Sensorimotor Control of Movement and Posture, Softcover reprint of the original 1st ed. 2002 Advances in Experimental Medicine and Biology Series, Vol. 508

This collection of contributions on the subject of the neural mechanisms of sensorimotor control resulted from a conference held in Cairns, Australia, September 3-6, 2001. While the three of us were attending the International Union of Physiological Sciences (IUPS) Congress in St Petersburg, Russia, in 1997, we discussed the implications of the next Congress being awarded to New Zealand. We agreed to organise a satellite to this congress in an area of mutual interest -the neuroscience of movement and sensation.

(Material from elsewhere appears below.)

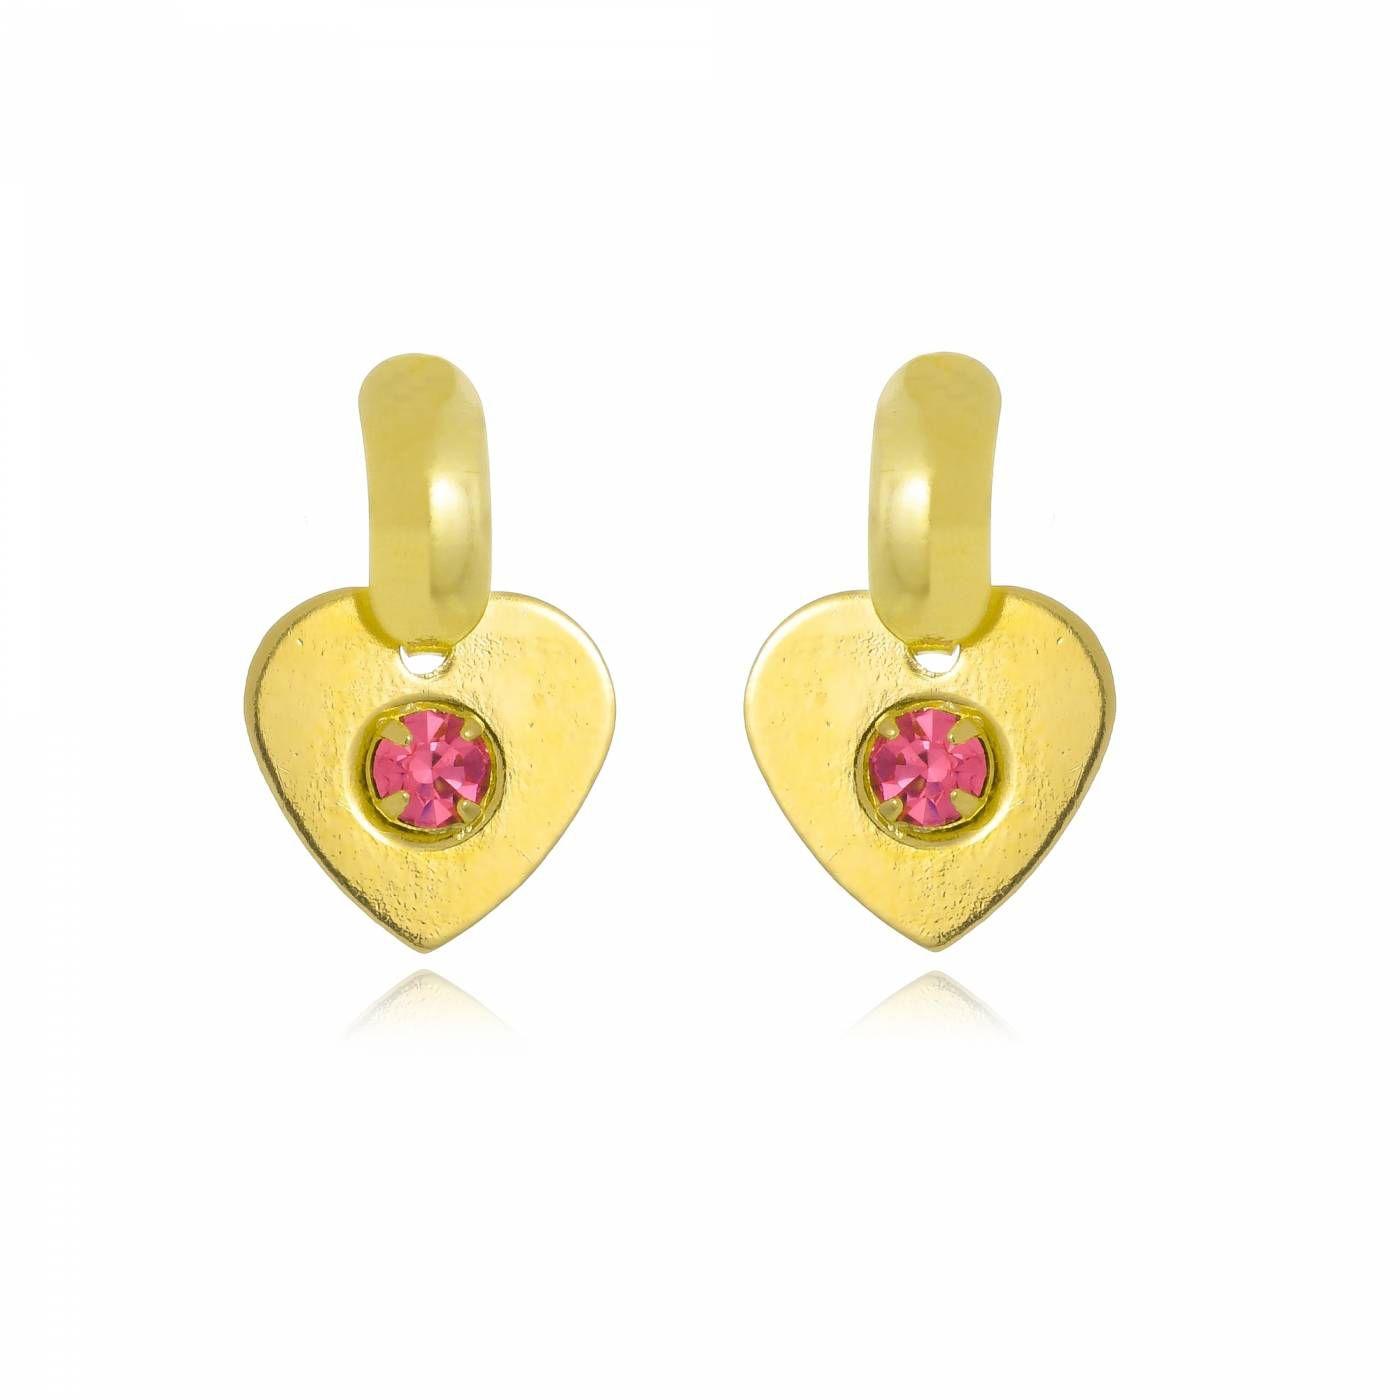 Brinco Coração com Cristal Rosa Folheado a Ouro 18K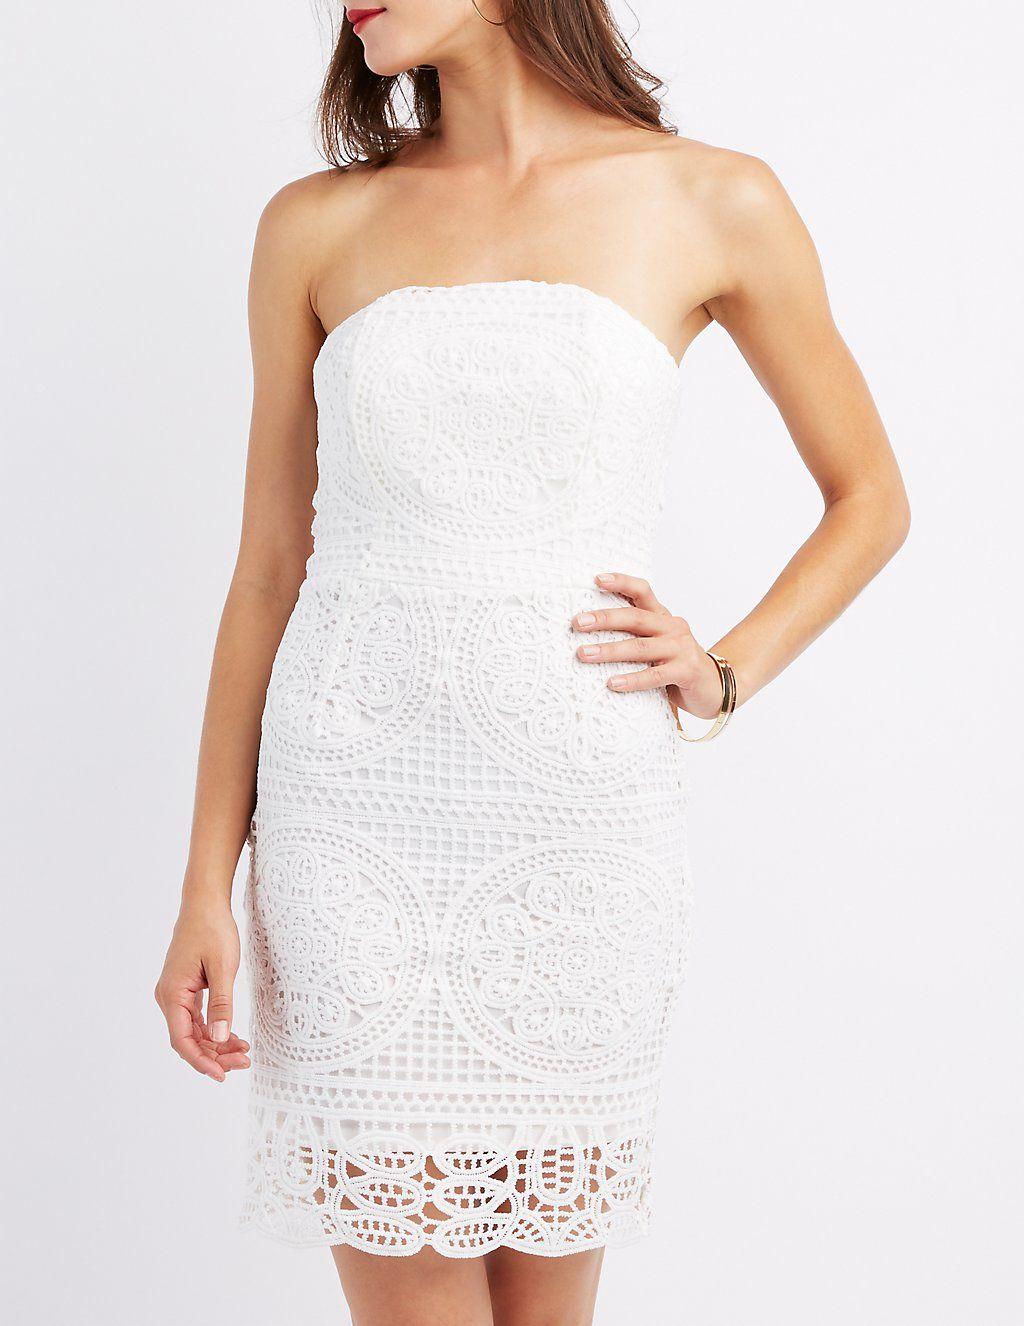 Crochet Strapless Bodycon Dress   Charlotte Russe   Dresses   Pinterest

Australia has a long-standing and enviable reputation in the field of neural mechanisms of sensorimotor control. Arguably this reached its peak with the award of a Nobel Prize to Sir John Eccles in 1963 for his work on synaptic transmission in the central nervous system. Since that time, the subject of neuroscience has progressed considerably. One advance is the exploitation of knowledge acquired from animal experiments to studies on conscious human subjects. In this development, Australians have achieved international prominence, particularly in the areas of kinaesthesia and movement control. This bias is evident in the choice of subject matter for the conference and, subsequently, this book. It was also decided to assign a whole section to muscle mechanics, a subject that is often left out altogether from conferences on motor control. Cairns is a lovely city and September is a good time to visit it.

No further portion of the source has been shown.